### PROBLEM REQUIREMENTS
Beginning at the line that contains "SPANNABIS-SUR-2013021" and finishing at the line that contains "mans heart borderbwrsz.jpg", output the data below exactly. Include both end lines and no pictures.

--- MATERIAL FOR THIS TASK Enclosed Below ---

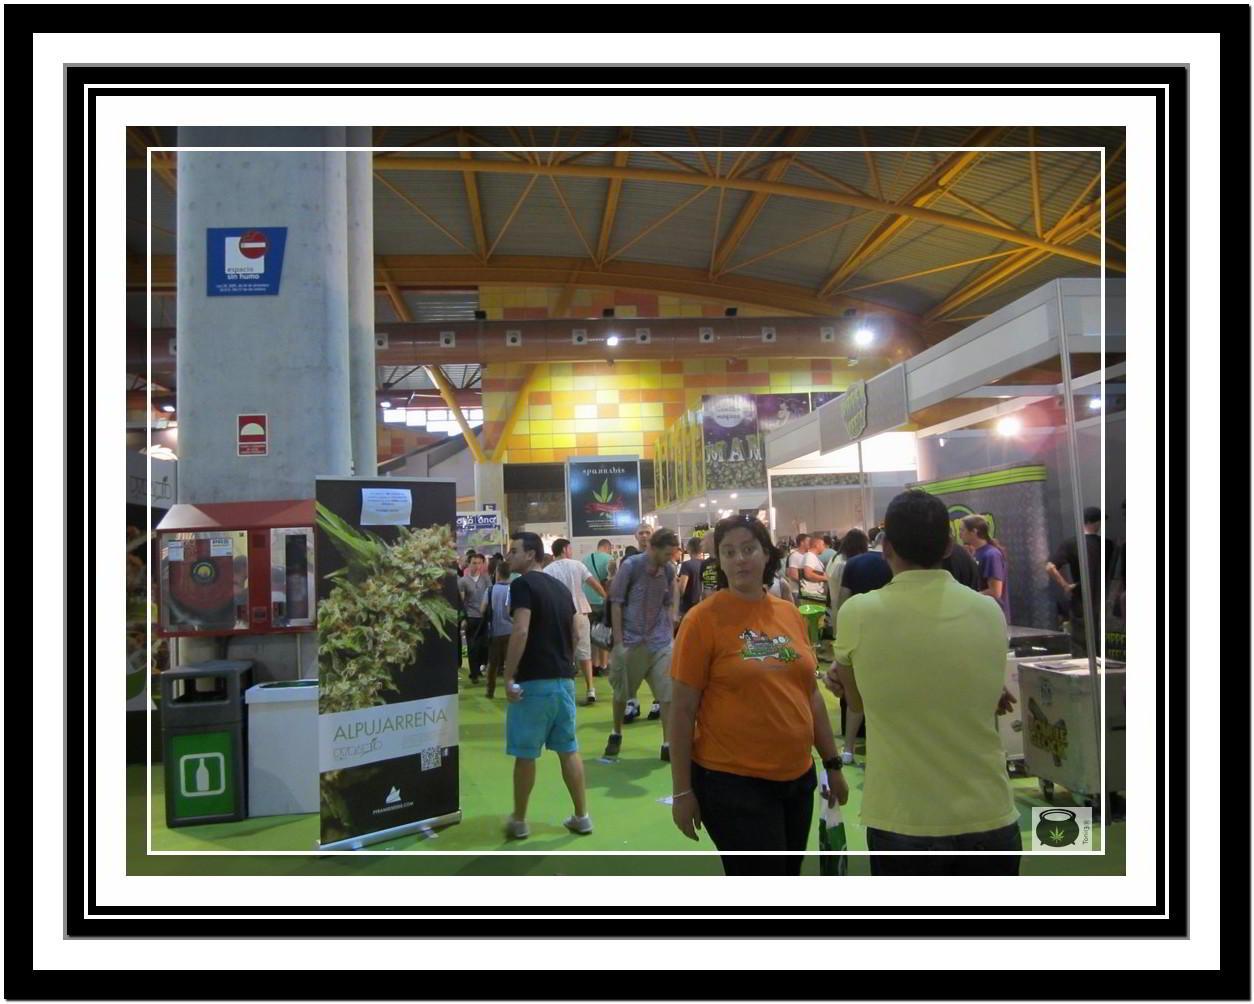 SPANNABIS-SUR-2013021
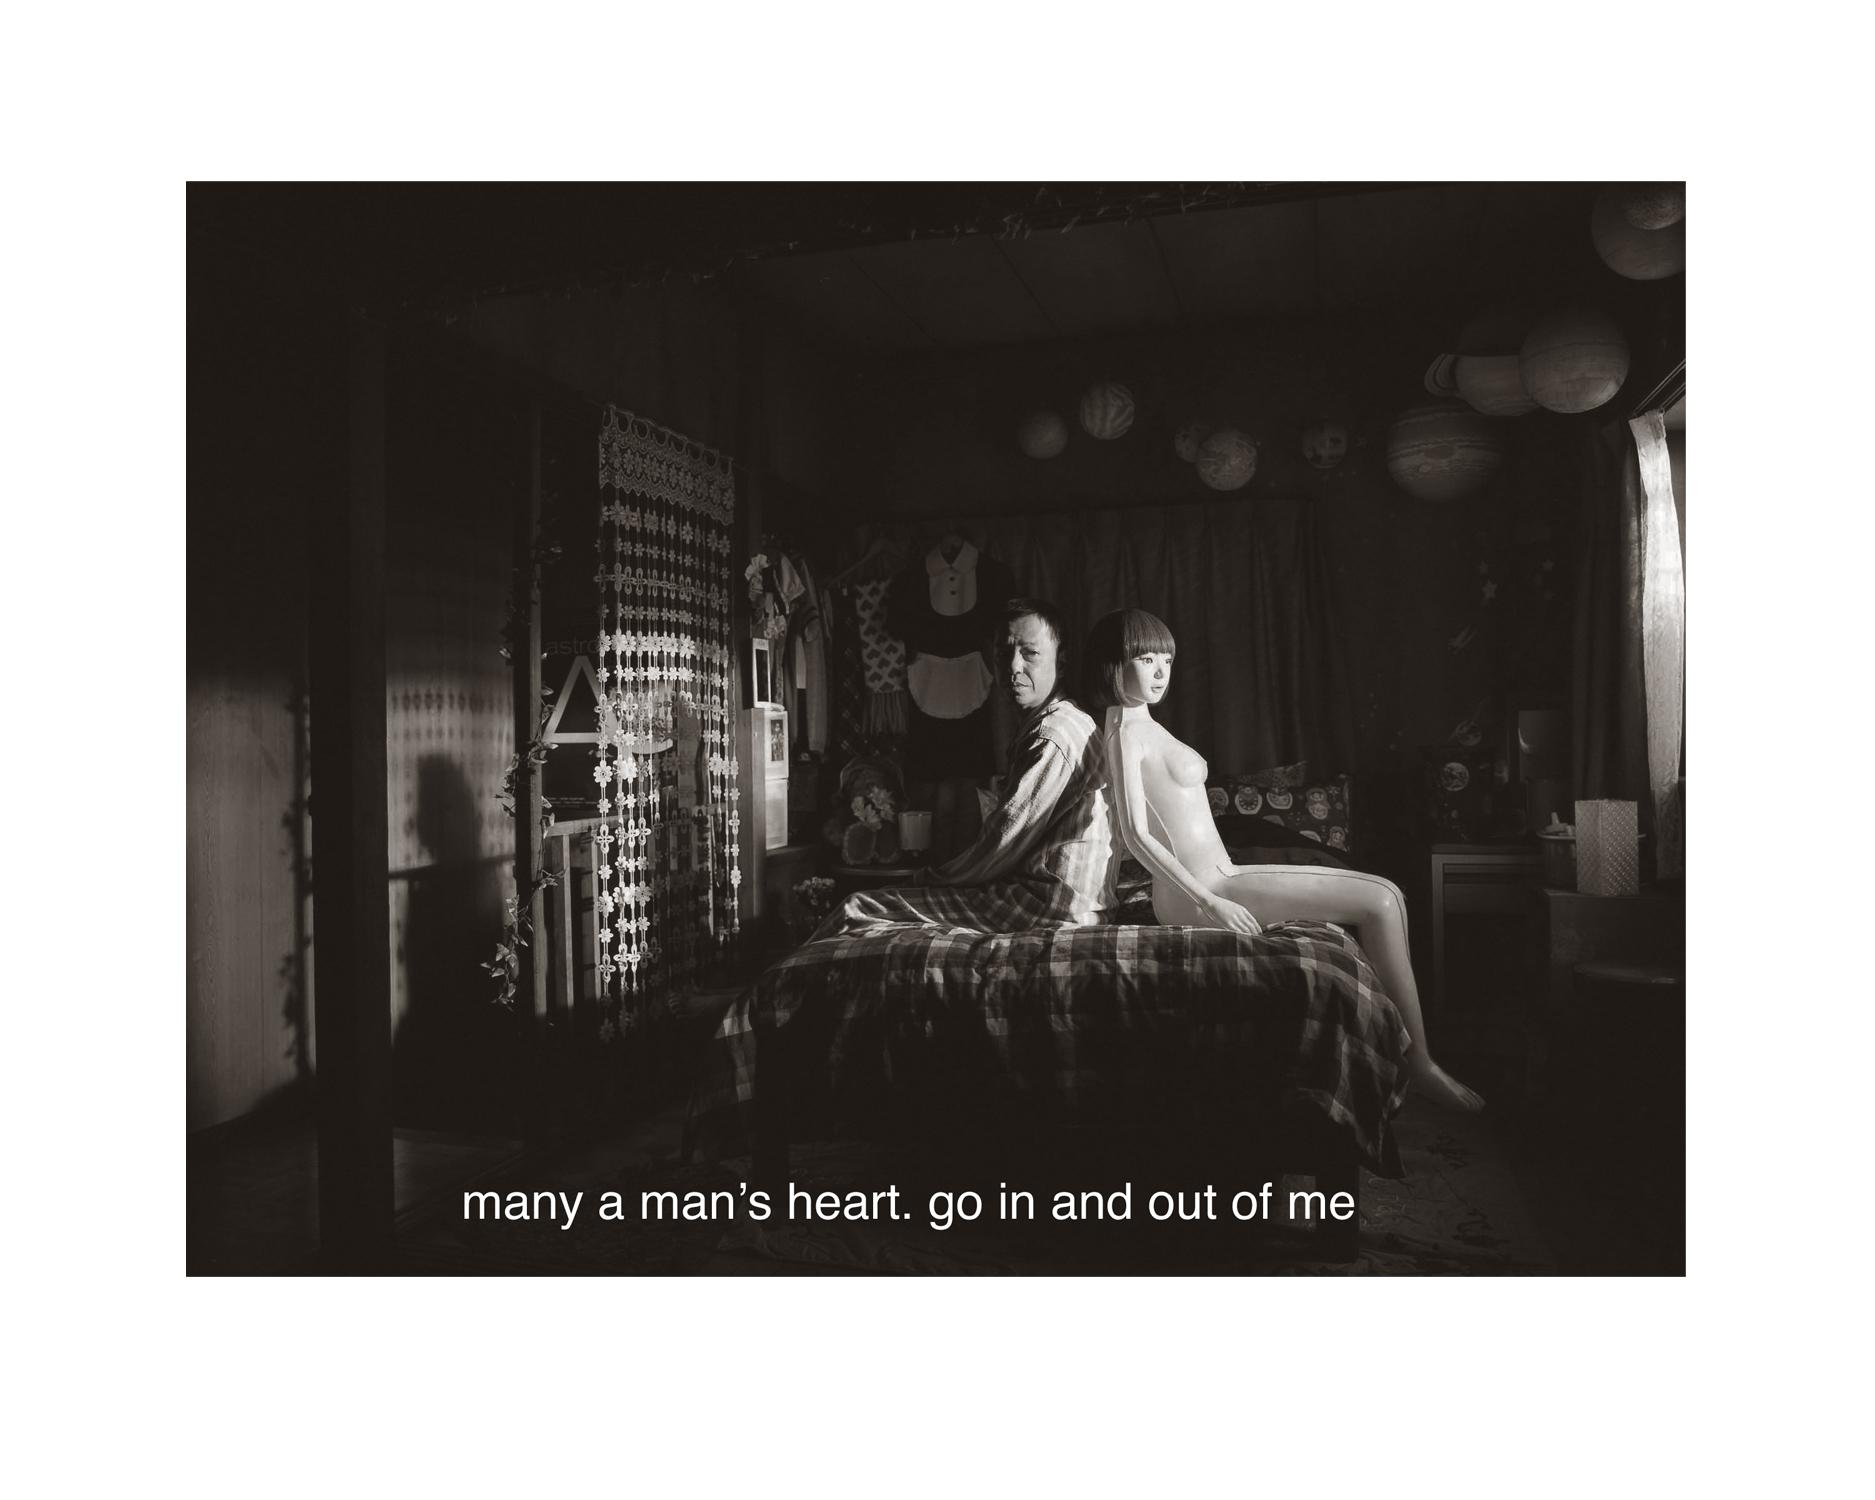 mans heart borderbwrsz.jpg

--- End of Enclosed MATERIAL FOR THIS TASK ---
--- MATERIAL FOR THIS TASK Enclosed Below ---

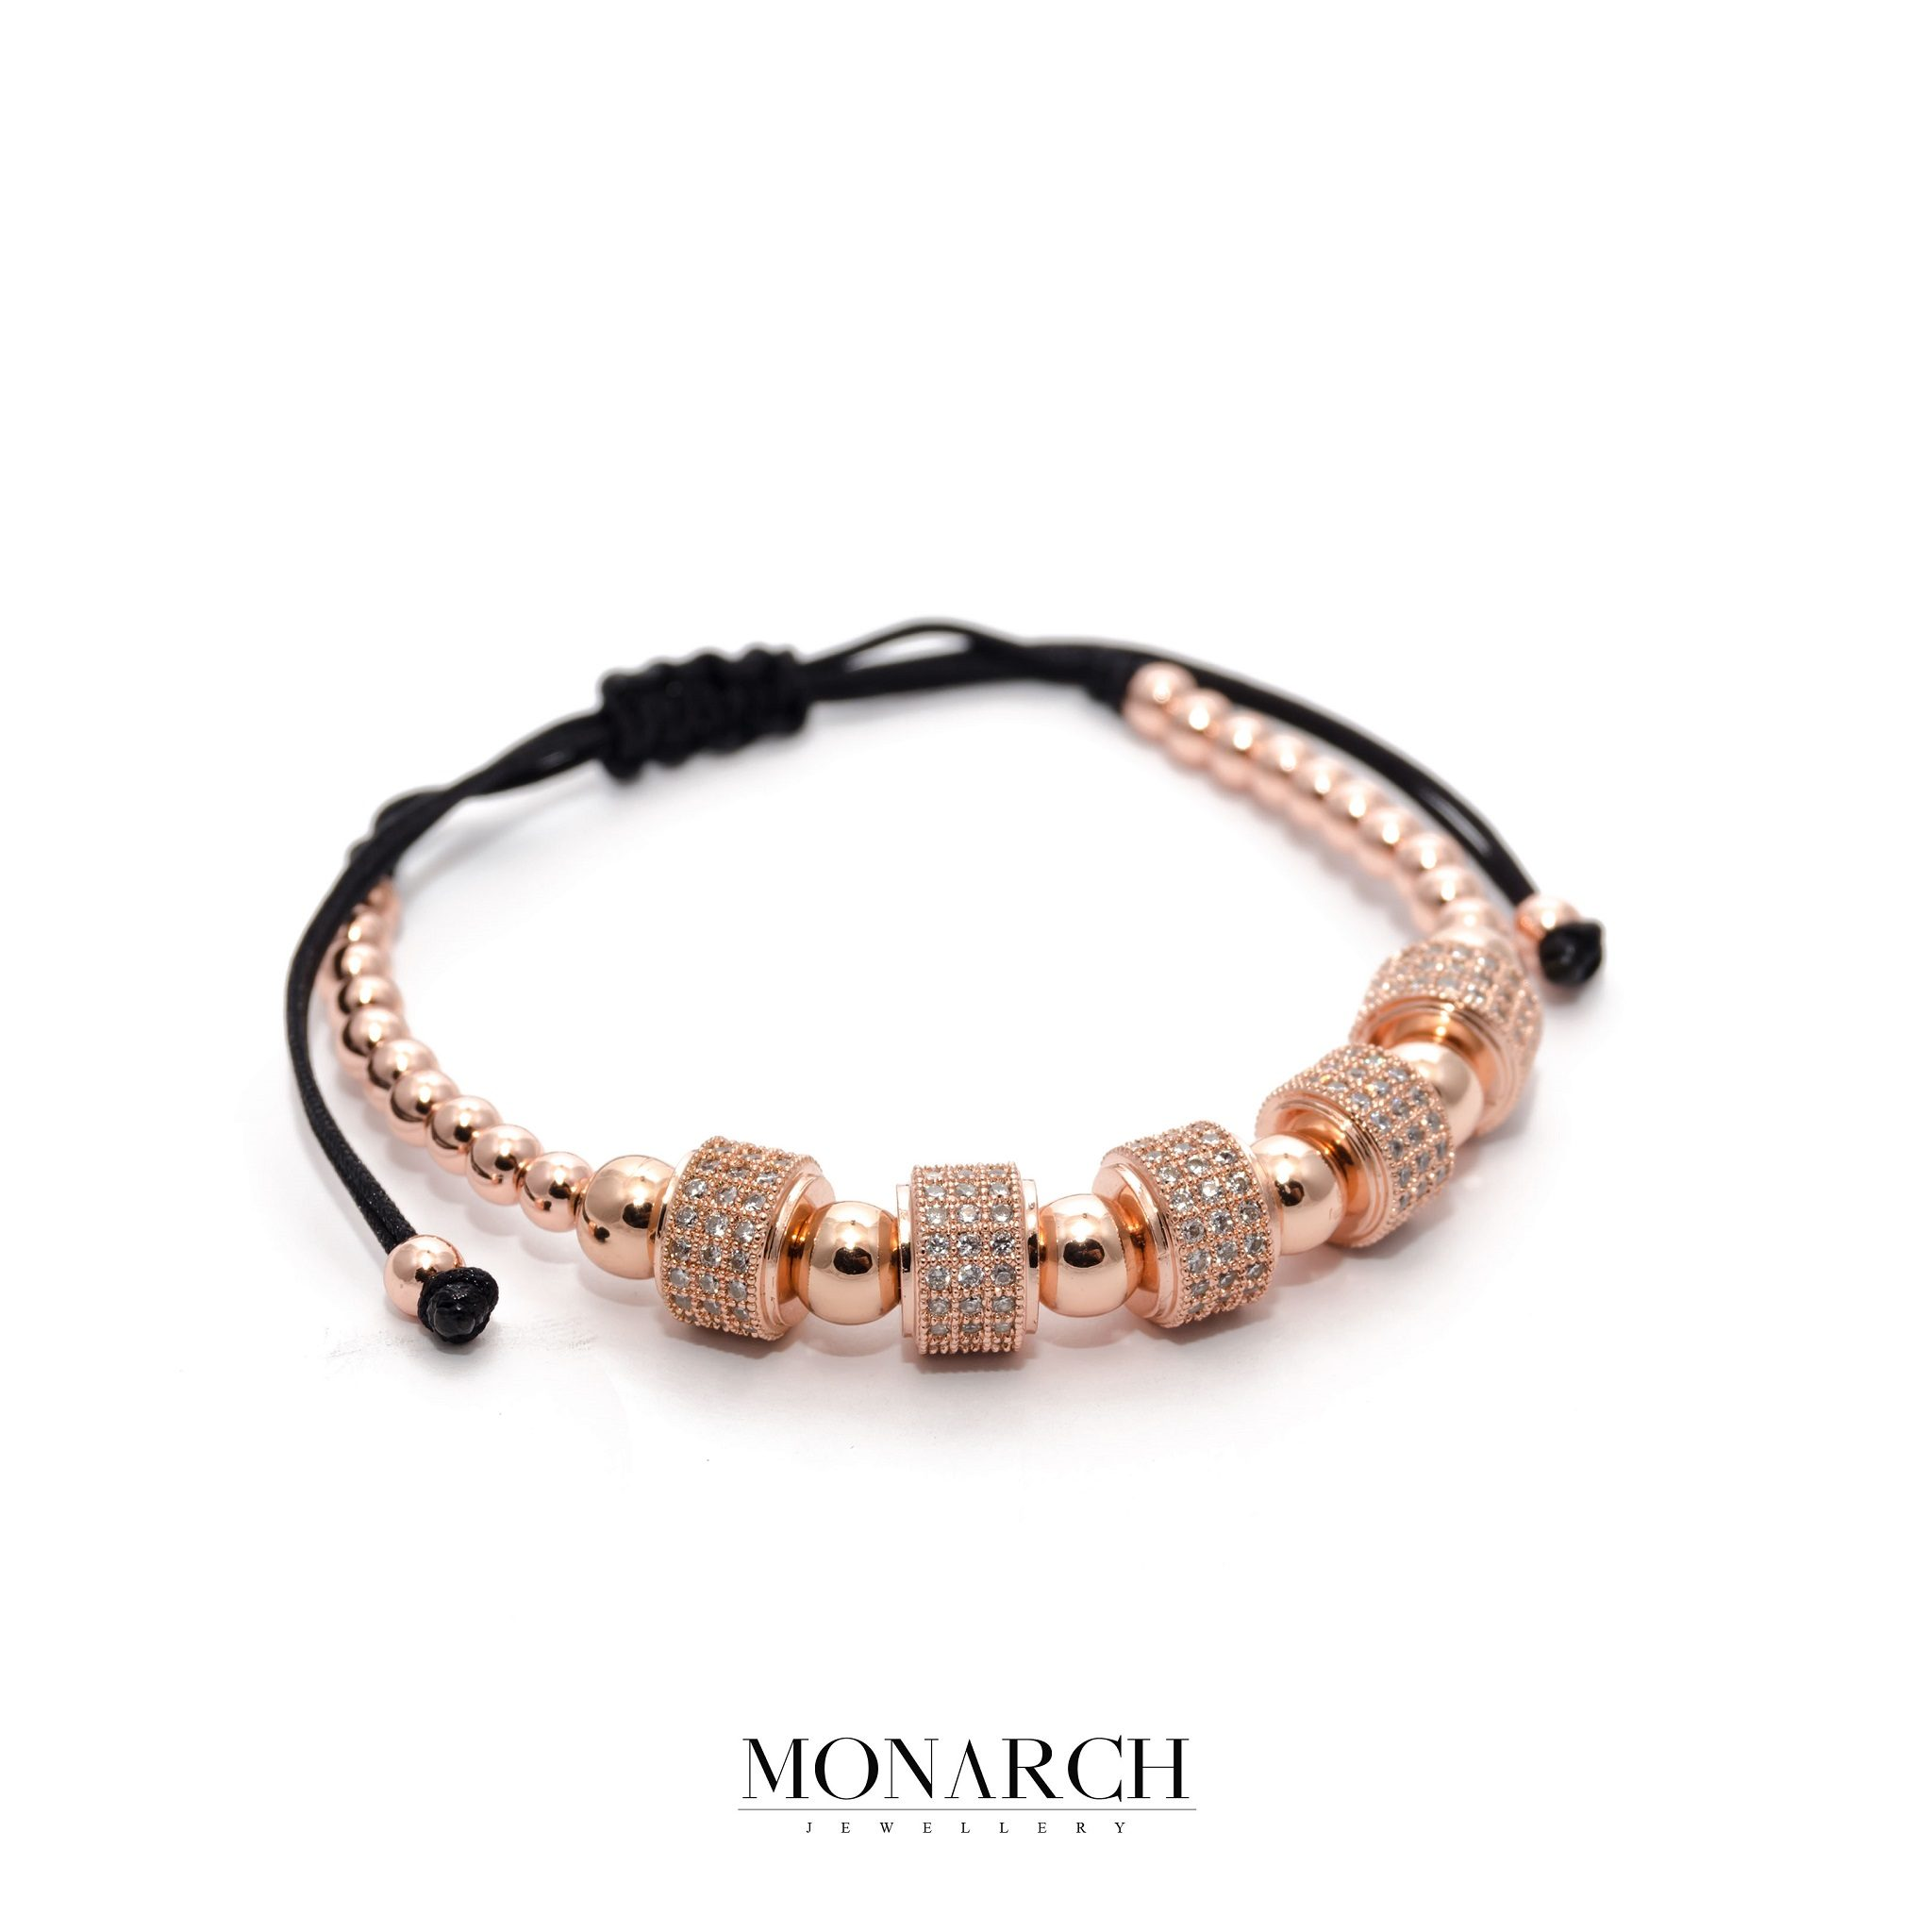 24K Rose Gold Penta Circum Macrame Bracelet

--- End of Enclosed MATERIAL FOR THIS TASK ---

### OUTPUT OF THE TASK
 SPANNABIS-SUR-2013021
 mans heart borderbwrsz.jpg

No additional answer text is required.